Characterization of dye-sensitized solar cell with different nanoparticle sizes

The Dye-sensitized Solar Cell (DSSC) has been regarded as the next-generation solar cell because of its simple and low cost fabrication process. The experiments for optimizing the cell efficiency were carried out in this work include varying the TiO ₂ layer thickness on the working electrode and determining the most favorable nanoparticle size in the TiO ₂ paste. The TiO ₂ electrode or working electrode was fabricated using screen printing technique with the Coatema tool with thicknesses ranging from ∼20 to 66 μm. It was observed that both open circuit voltage and short circuit current were found to have measurable dependence on the TiO ₂ layer thickness.

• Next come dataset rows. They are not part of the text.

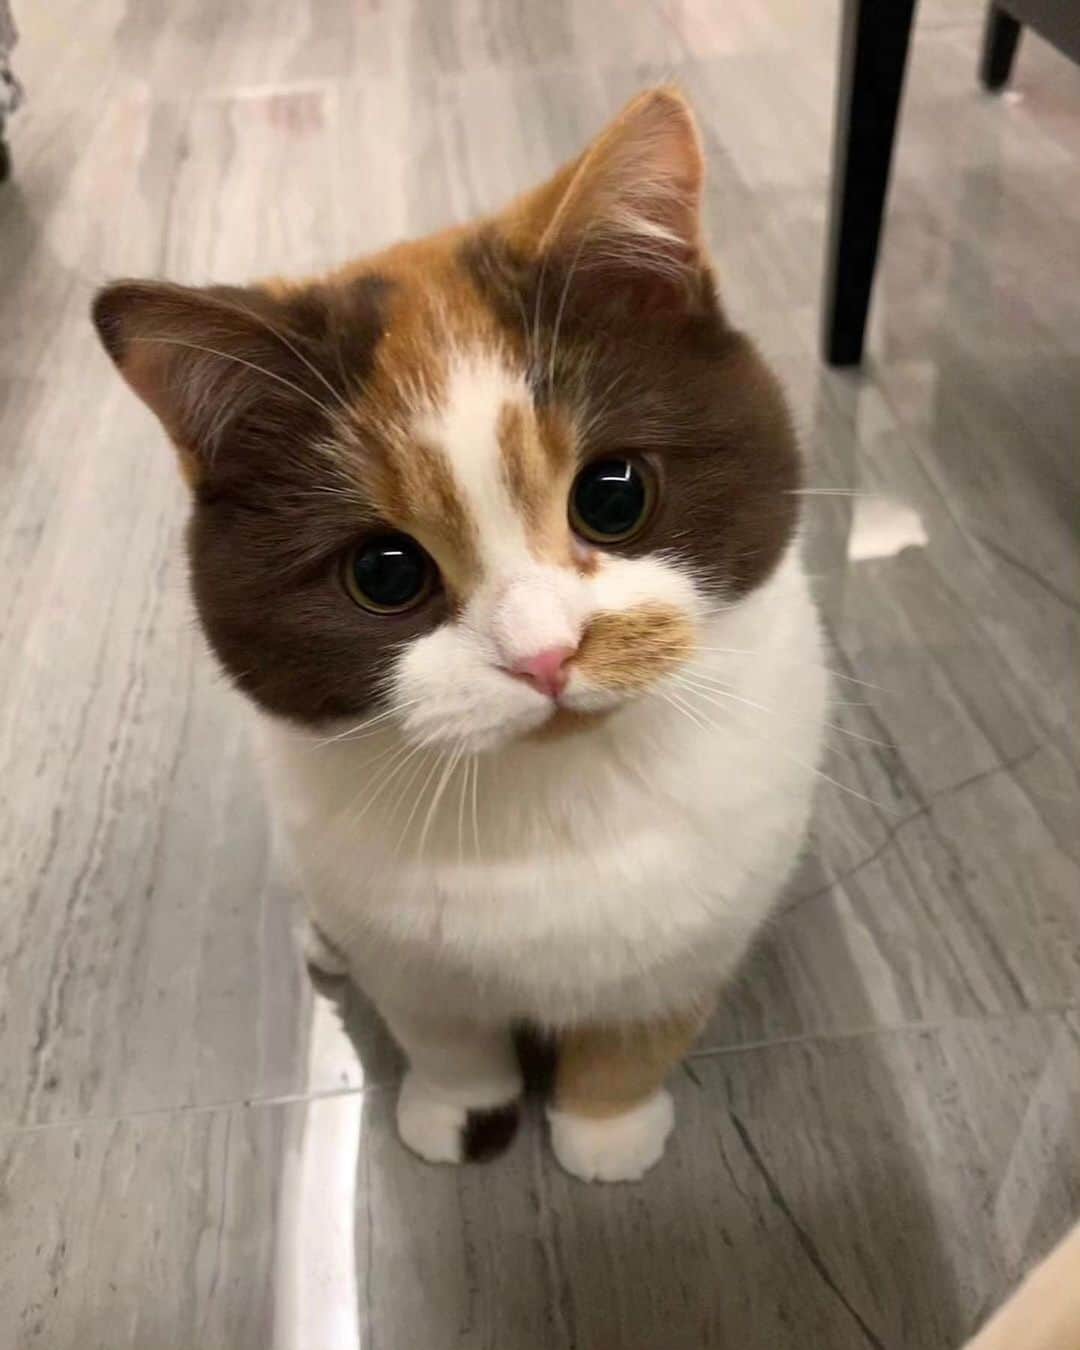 Cute Pets Dogs Catsのインスタグラム：「I want one that color and those eyes 🥰  Credit: @麻薯小卷 | DY ** For all crediting issues and removals pls 𝐄𝐦𝐚𝐢𝐥 𝐮𝐬 ☺️  𝐍𝐨𝐭𝐞: we don’t own this video/pics, all rights go to their respective owners. If owner is not provided, tagged (meaning we couldn’t find who is the owner), 𝐩𝐥𝐬 𝐄𝐦𝐚𝐢𝐥 𝐮𝐬 with 𝐬𝐮𝐛𝐣𝐞𝐜𝐭 “𝐂𝐫𝐞𝐝𝐢𝐭 𝐈𝐬𝐬𝐮𝐞𝐬” and 𝐨𝐰𝐧𝐞𝐫 𝐰𝐢𝐥𝐥 𝐛𝐞 𝐭𝐚𝐠𝐠𝐞𝐝 𝐬𝐡𝐨𝐫𝐭𝐥𝐲 𝐚𝐟𝐭𝐞𝐫.  We have been building this community for over 6 years, but 𝐞𝐯𝐞𝐫𝐲 𝐫𝐞𝐩𝐨𝐫𝐭 𝐜𝐨𝐮𝐥𝐝 𝐠𝐞𝐭 𝐨𝐮𝐫 𝐩𝐚𝐠𝐞 𝐝𝐞𝐥𝐞𝐭𝐞𝐝, pls email us first. **」
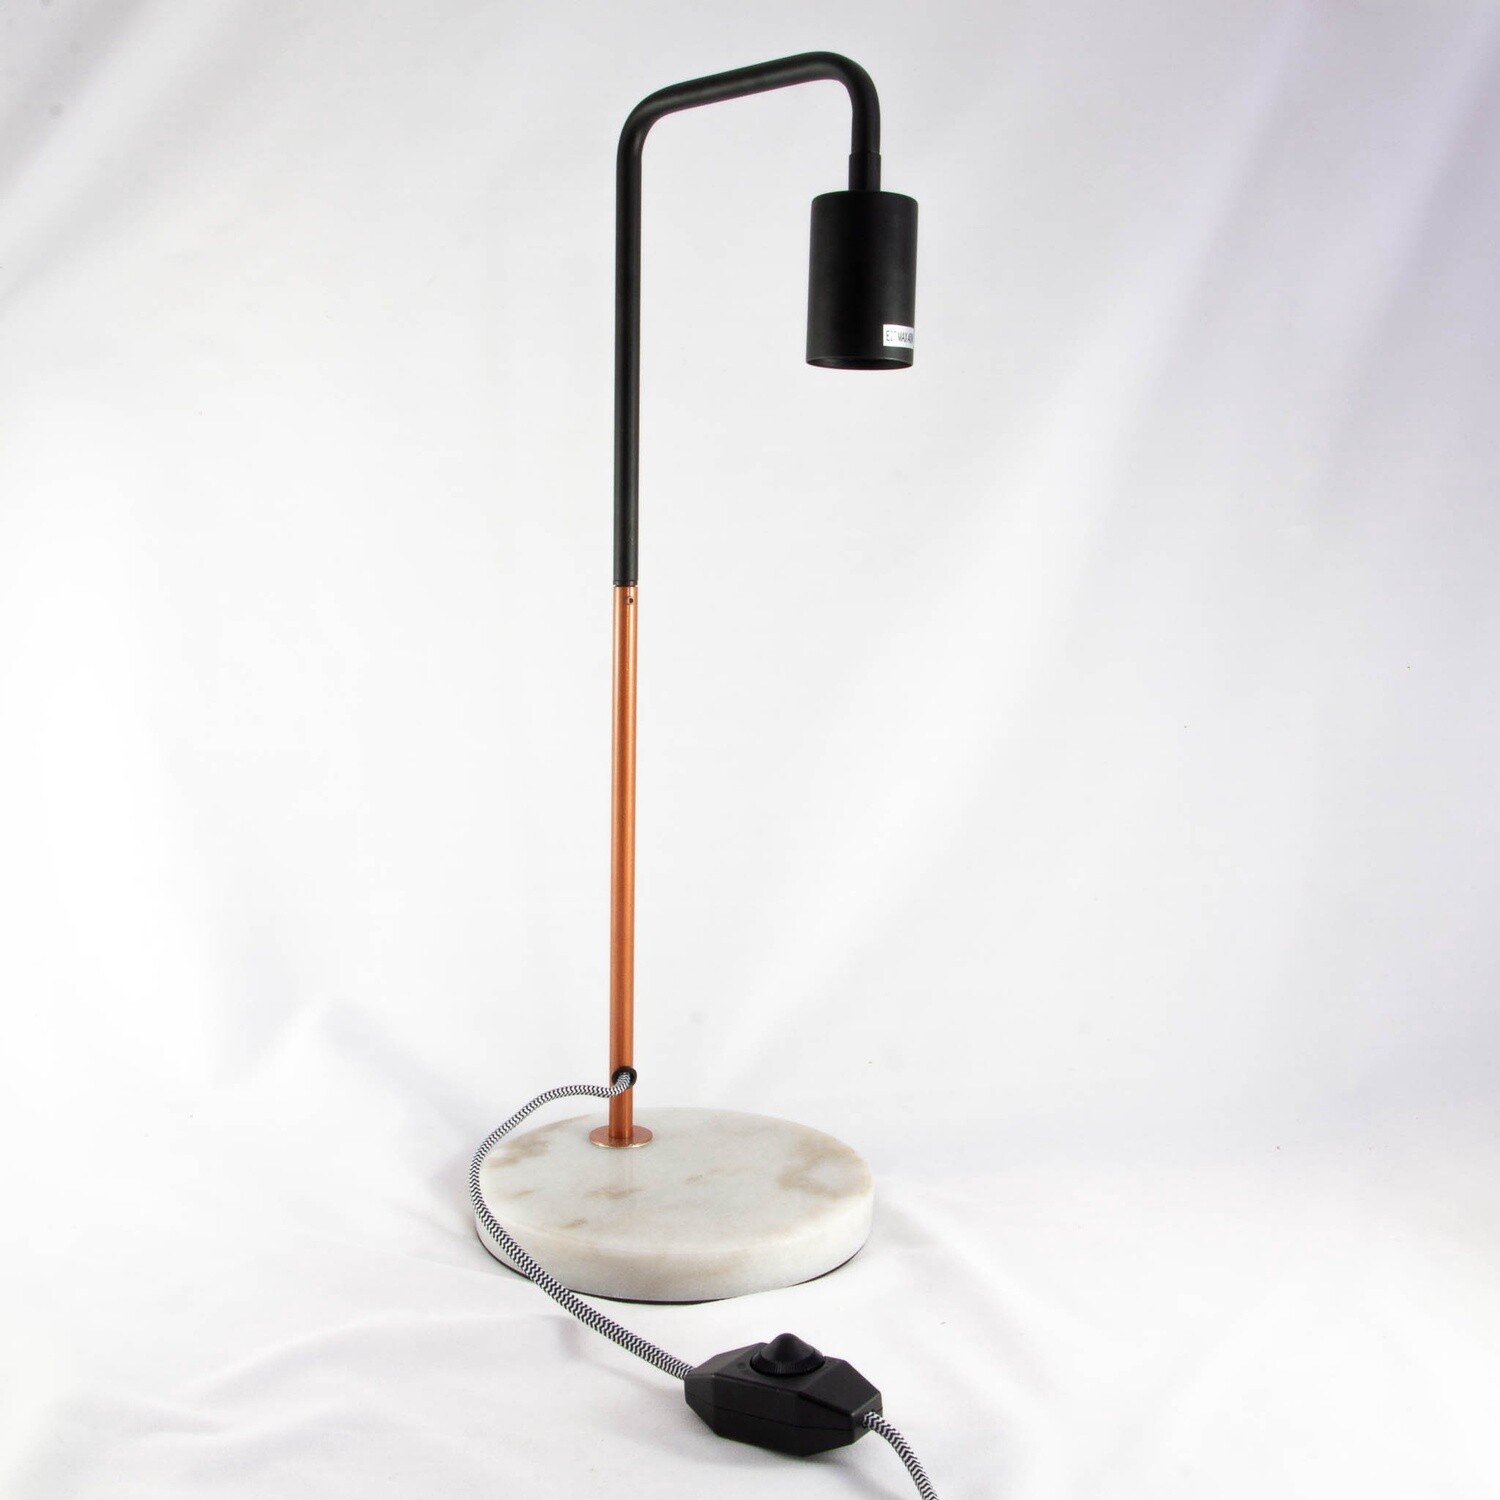 Dimmable Single Bulb Desk Lamp - Copper And Black
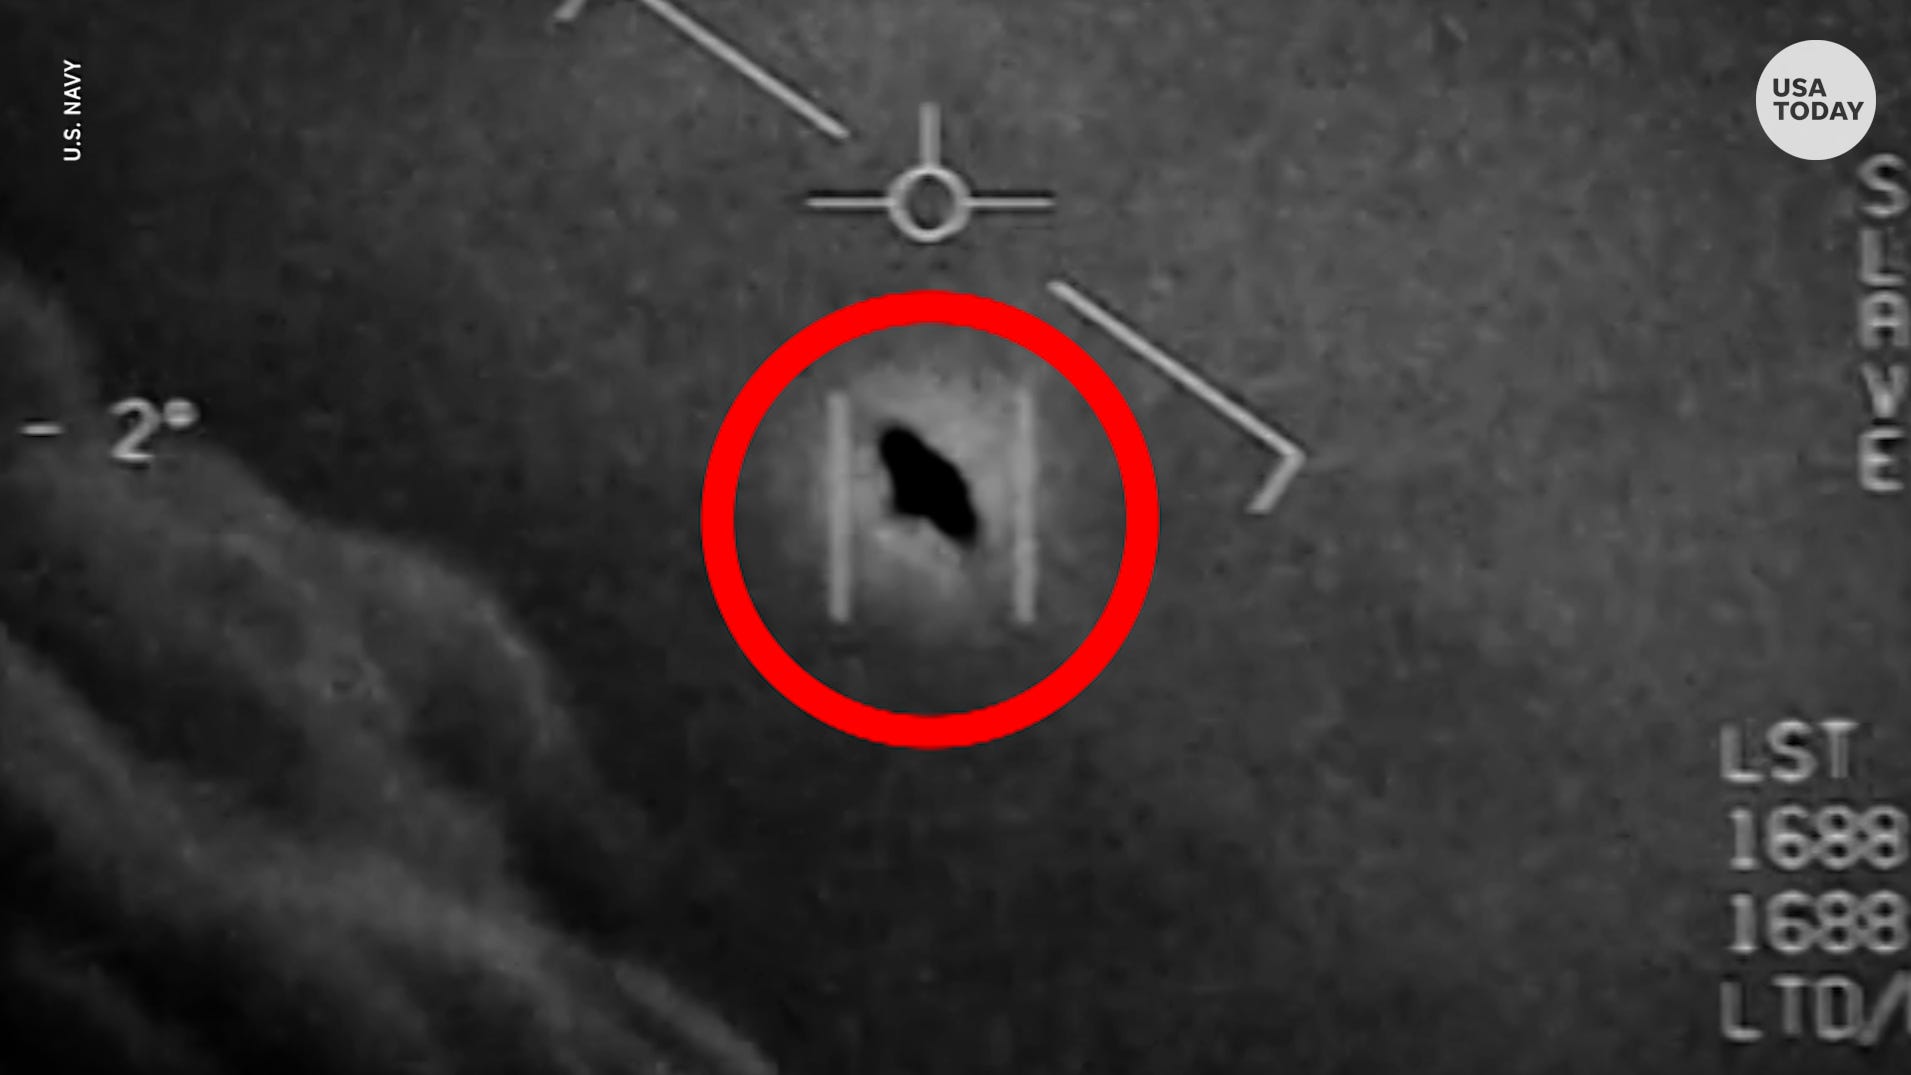 UFO report Pentagon finds no evidence of aliens, doesn't rule it out

The open circuit voltage changed from 0.77 to 0.82 V and correspondingly the short circuit current also varied from ∼19 to 23 mA/cm ² depending on the TiO ₂ layer thickness. Additionally, the cell with 40 μm TiO ₂ thickness showed 9.06% photo conversion efficiency compared to 6.4% and 8.5% efficiency obtained for the cells with 20 μm and 66 μm TiO ₂ thicknesses respectively. The second part of the experiment was conducted using three different nanoparticle sizes of 13 nm, 20 nm and 37nm in the TiO ₂ layer to identify optimum nanoparticle size by maintaining the TiO ₂ film thickness at 40 μm. The cell with 20 nm size nanoparticle, in combination with 40 μm TiO ₂ thickness showed 11.2% efficiency that is in par or slightly better than the efficiency value reported for the DSSC in the literature as of now. The work described in this paper showed best possible values for the TiO ₂ layer thickness and nanoparticle size in the TiO ₂ for obtaining improved cell efficiency of 11.2%.